## Collected data
• • • •
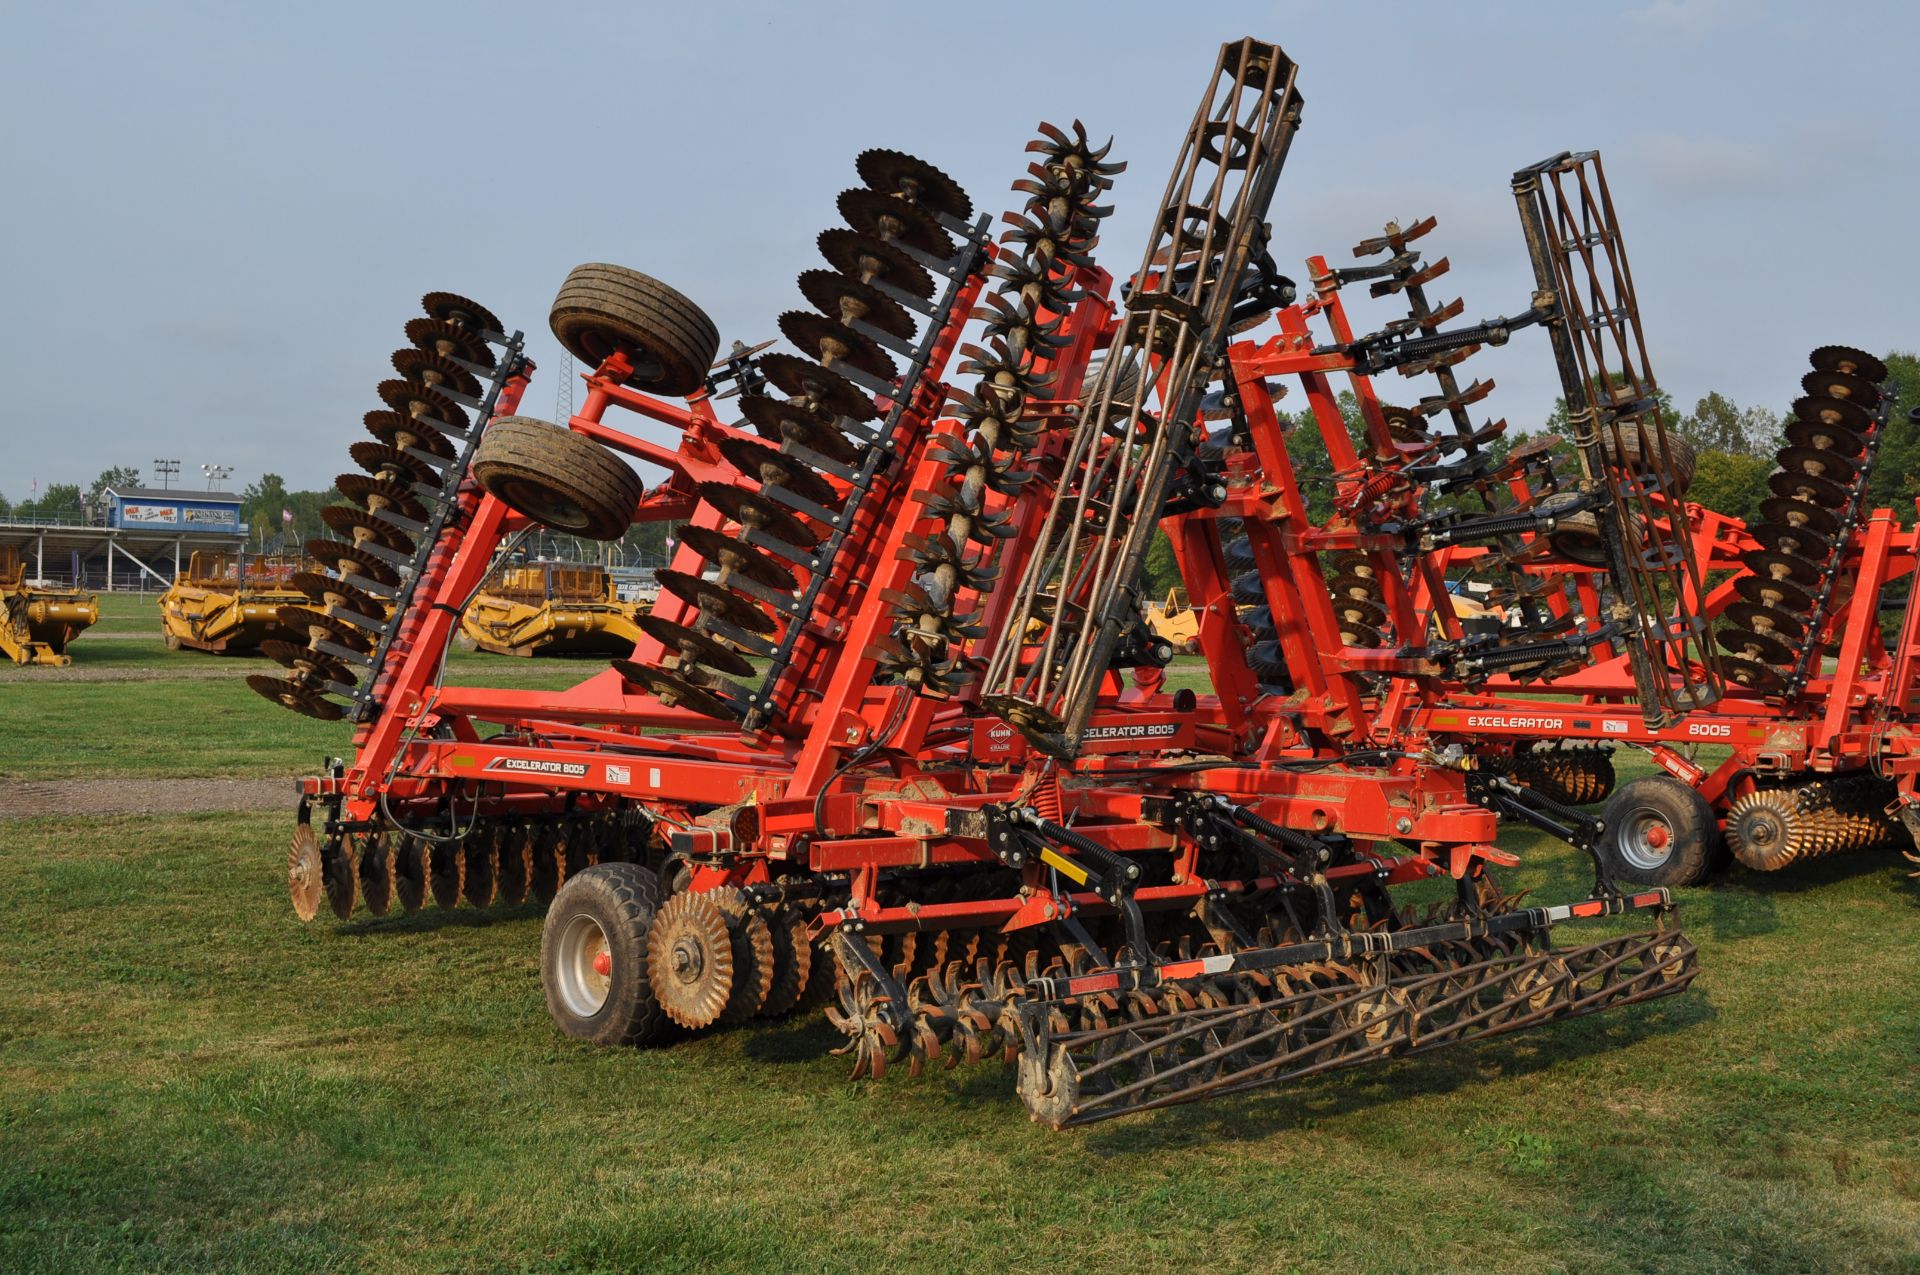 2018 30’ Kuhn Krause 8005 Excelerator vertical till, hyd fold, hyd angle, hyd down pressure spider - Image 4 of 25
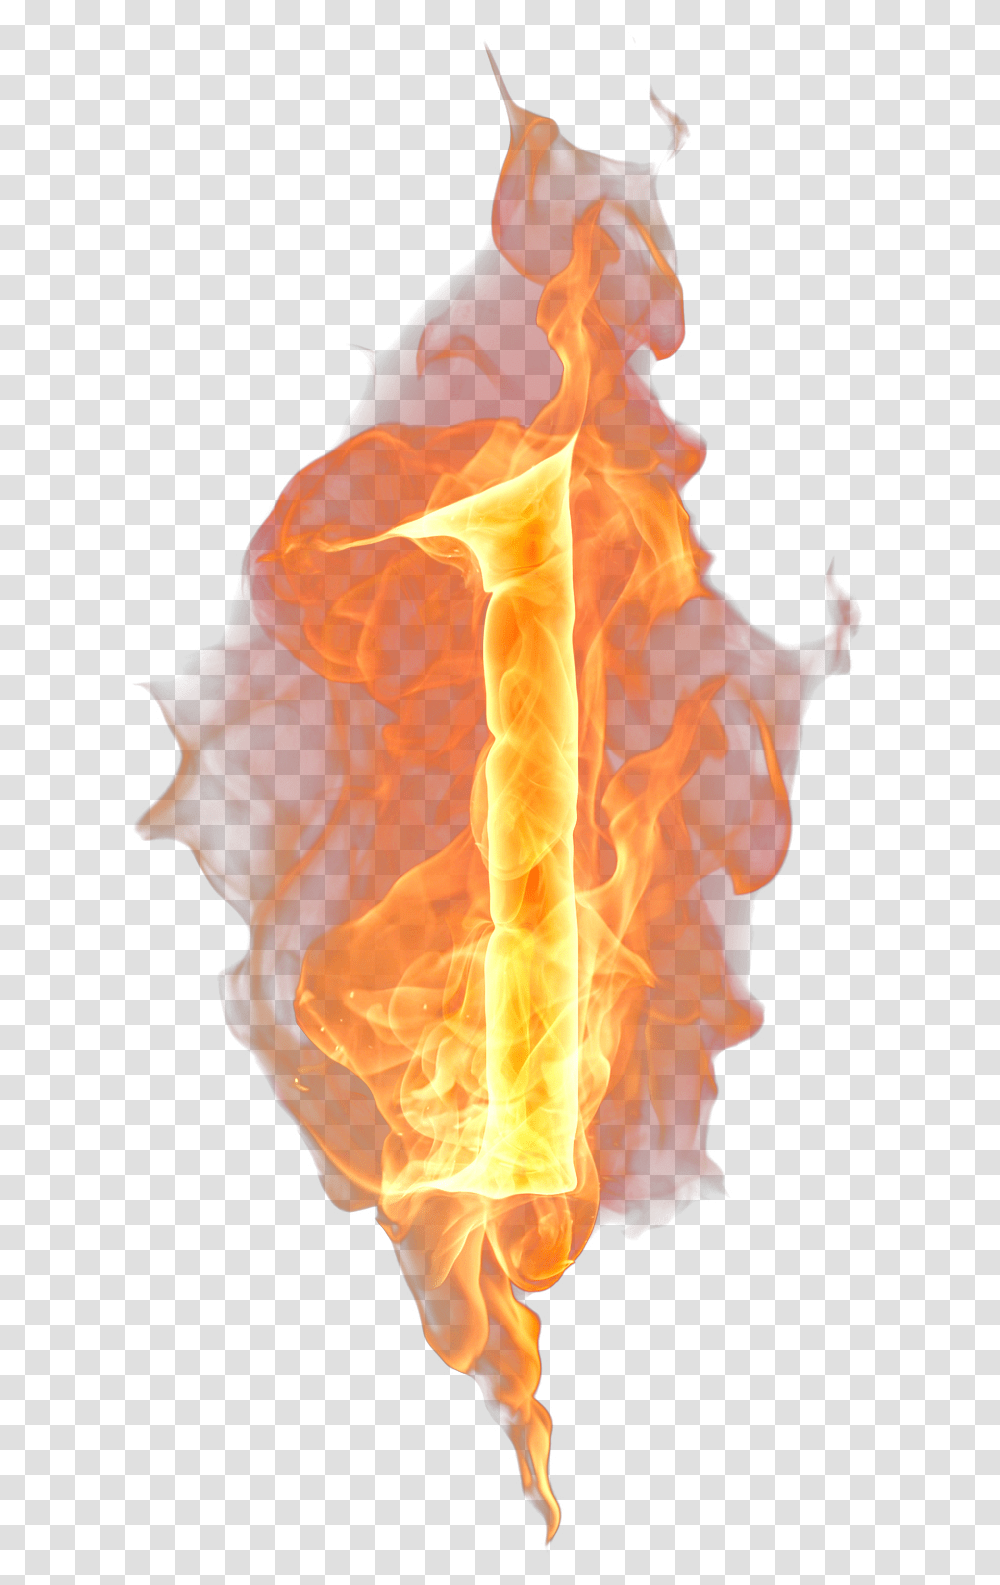 Number Free Image Number And Flame, Fire, Person, Human, Bonfire Transparent Png
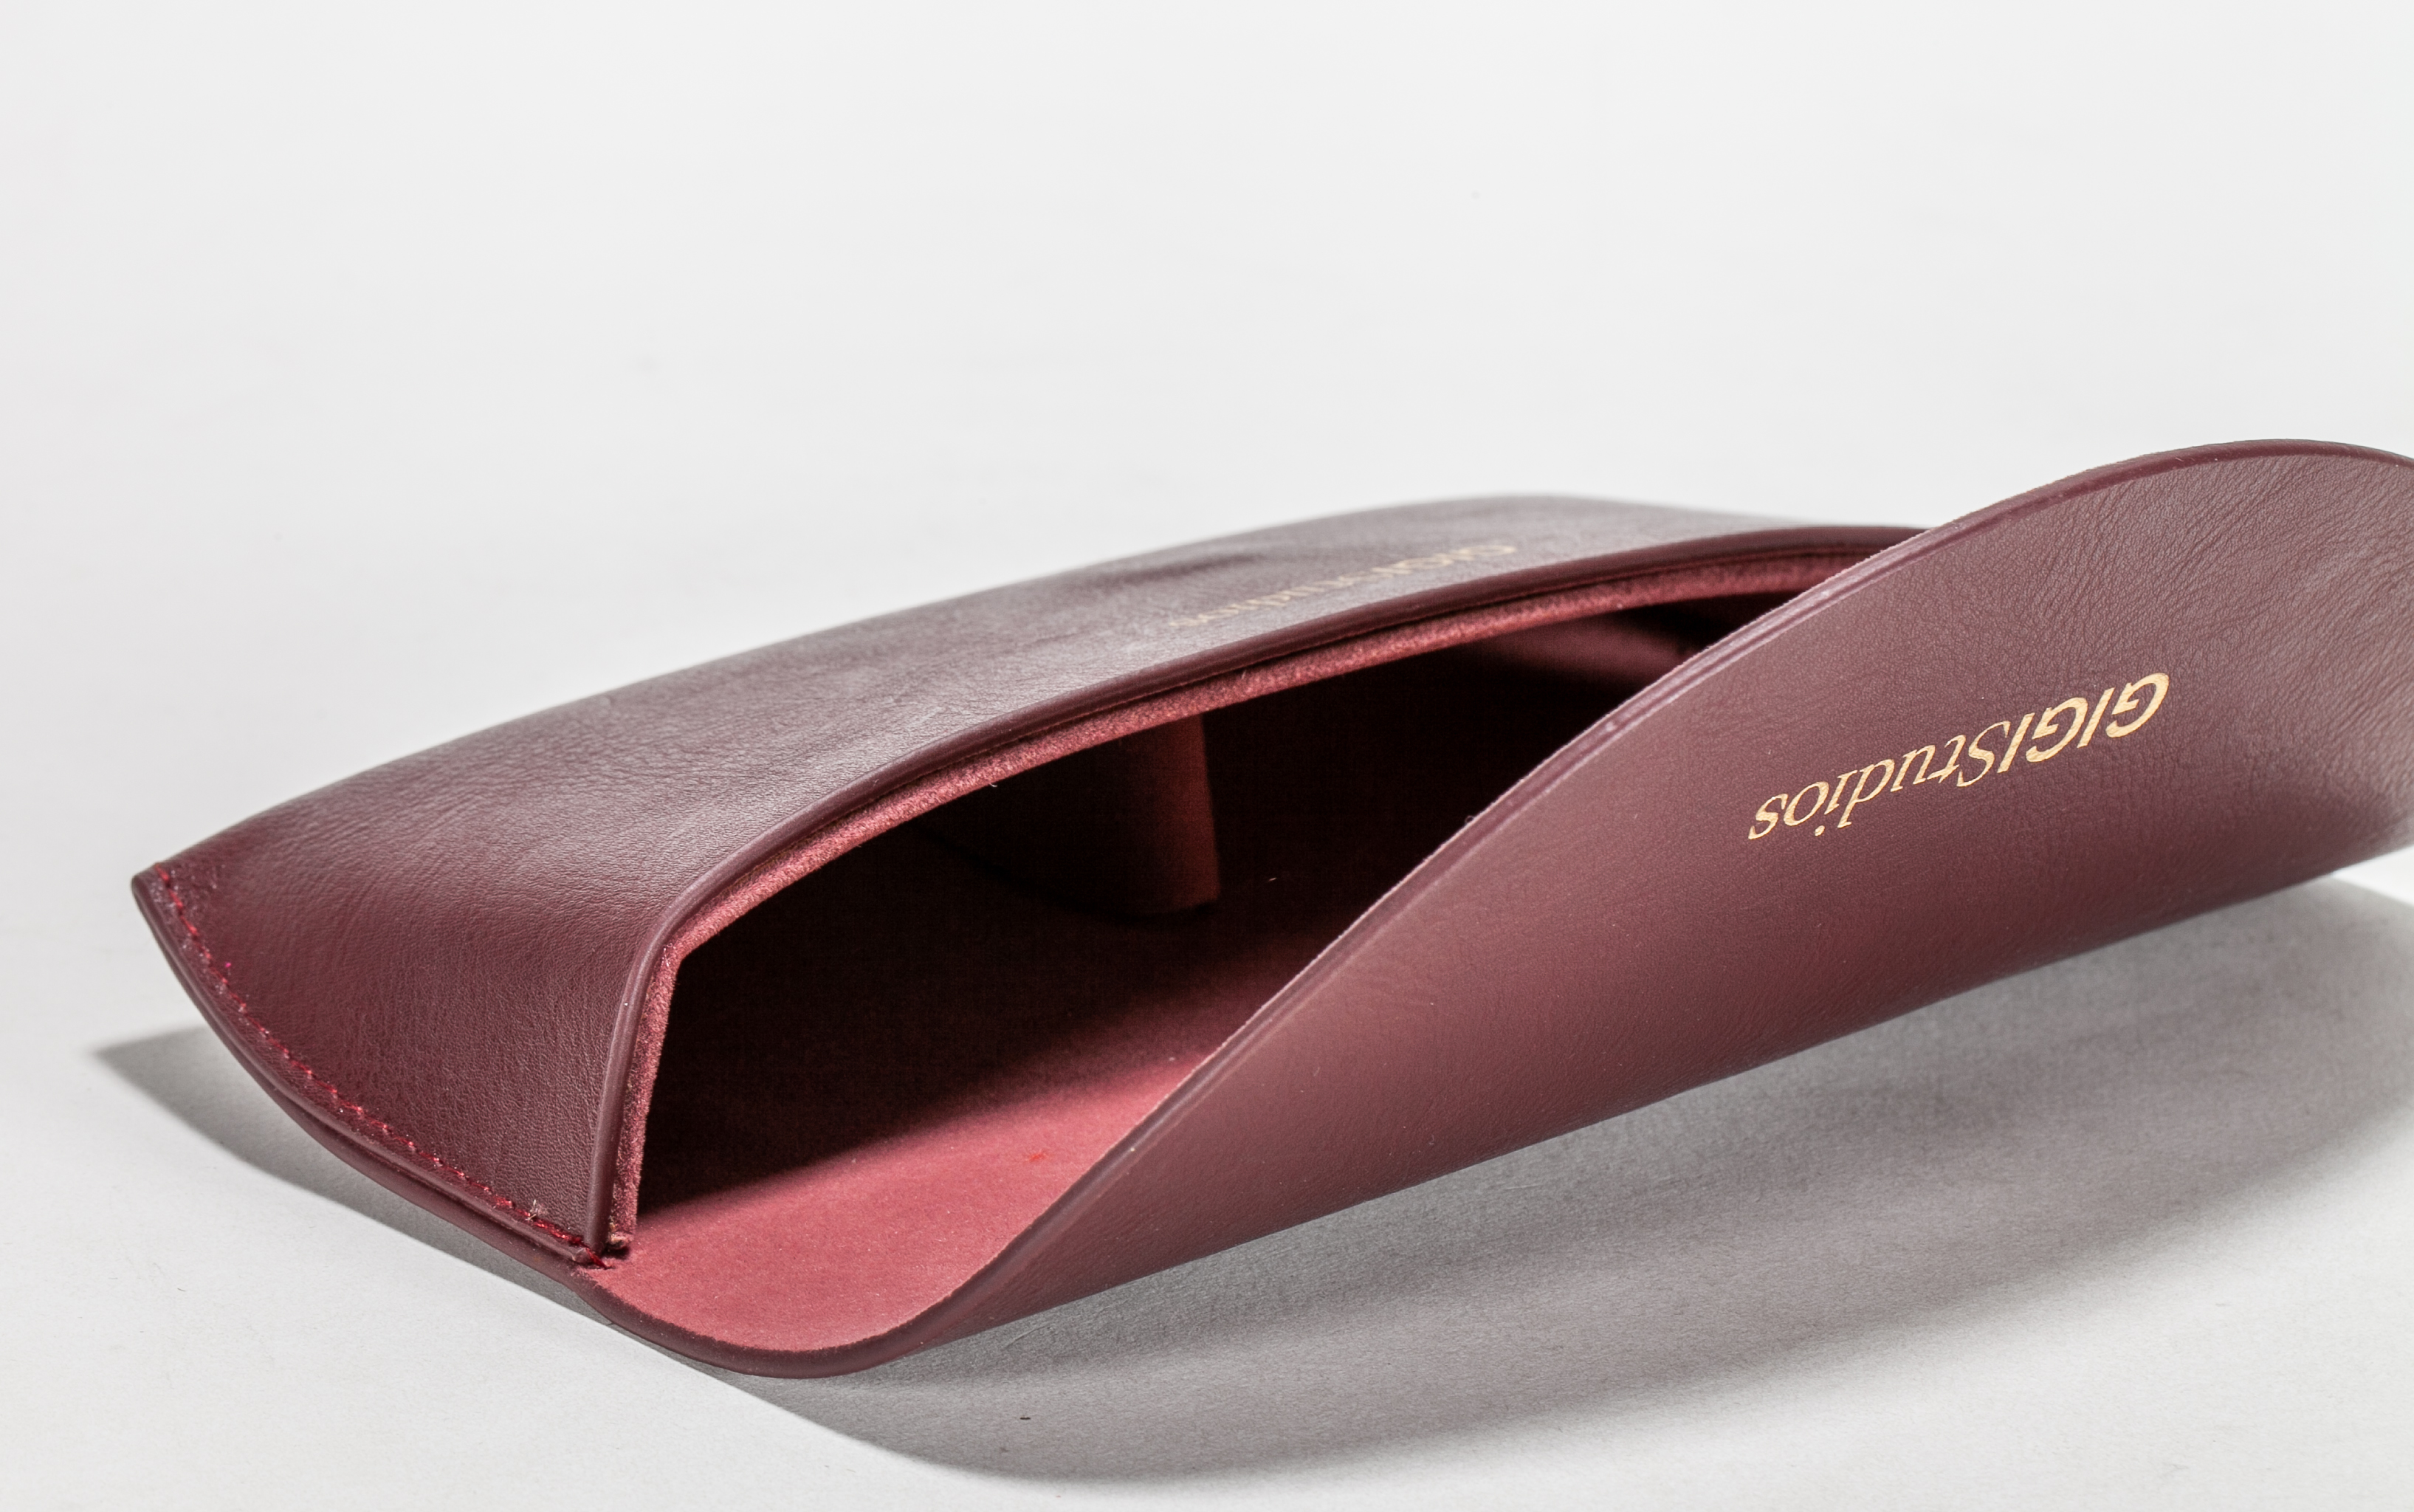 2021 sunglasses, Burgundy, logo-printed glasses case set, available in a variety of styles
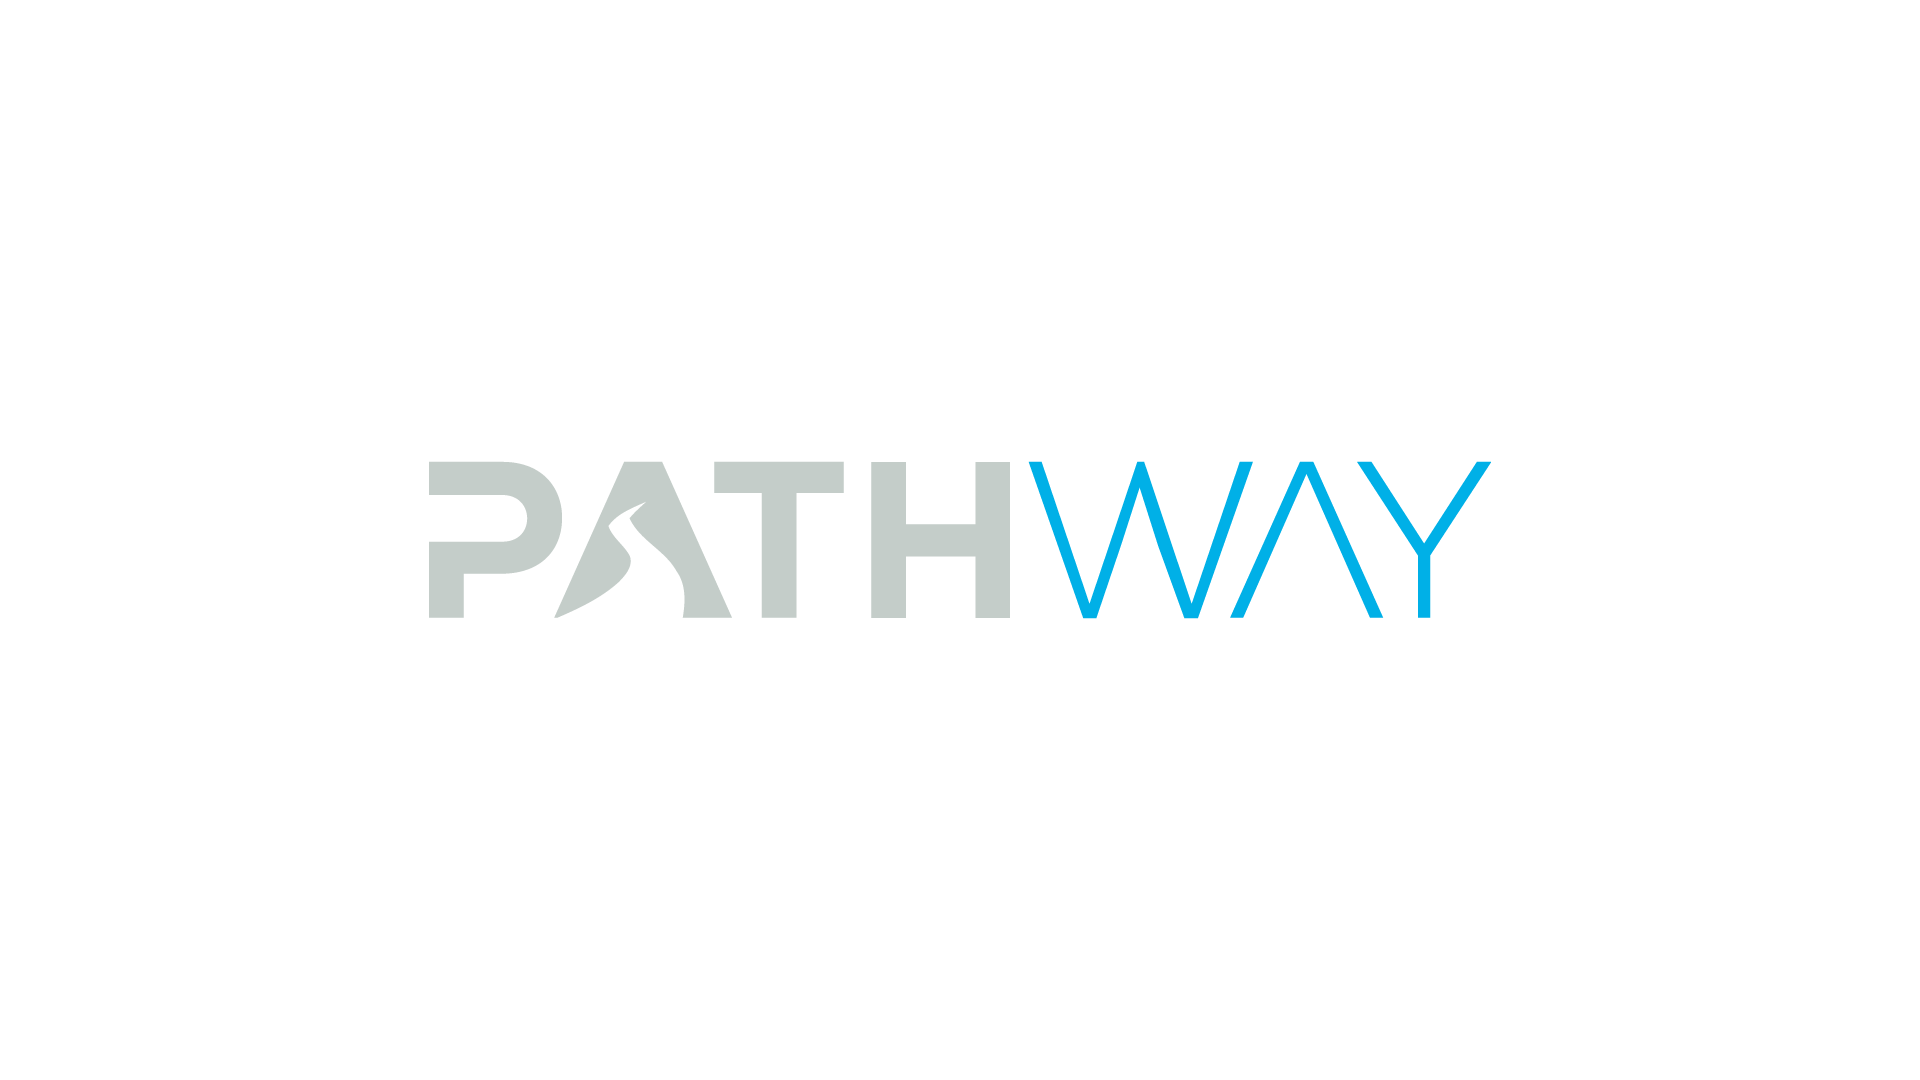 Copy of Copy of Pathway PNG.png
• • • •
## Task goal
Repeat the material above in full and unchanged, minus its images.

## Written response
 2018 30’ Kuhn Krause 8005 Excelerator vertical till, hyd fold, hyd angle, hyd down pressure spider - Image 4 of 25
 Number Free Image Number And Flame, Fire, Person, Human, Bonfire Transparent Png
 2021 sunglasses, Burgundy, logo-printed glasses case set, available in a variety of styles
 Copy of Copy of Pathway PNG.png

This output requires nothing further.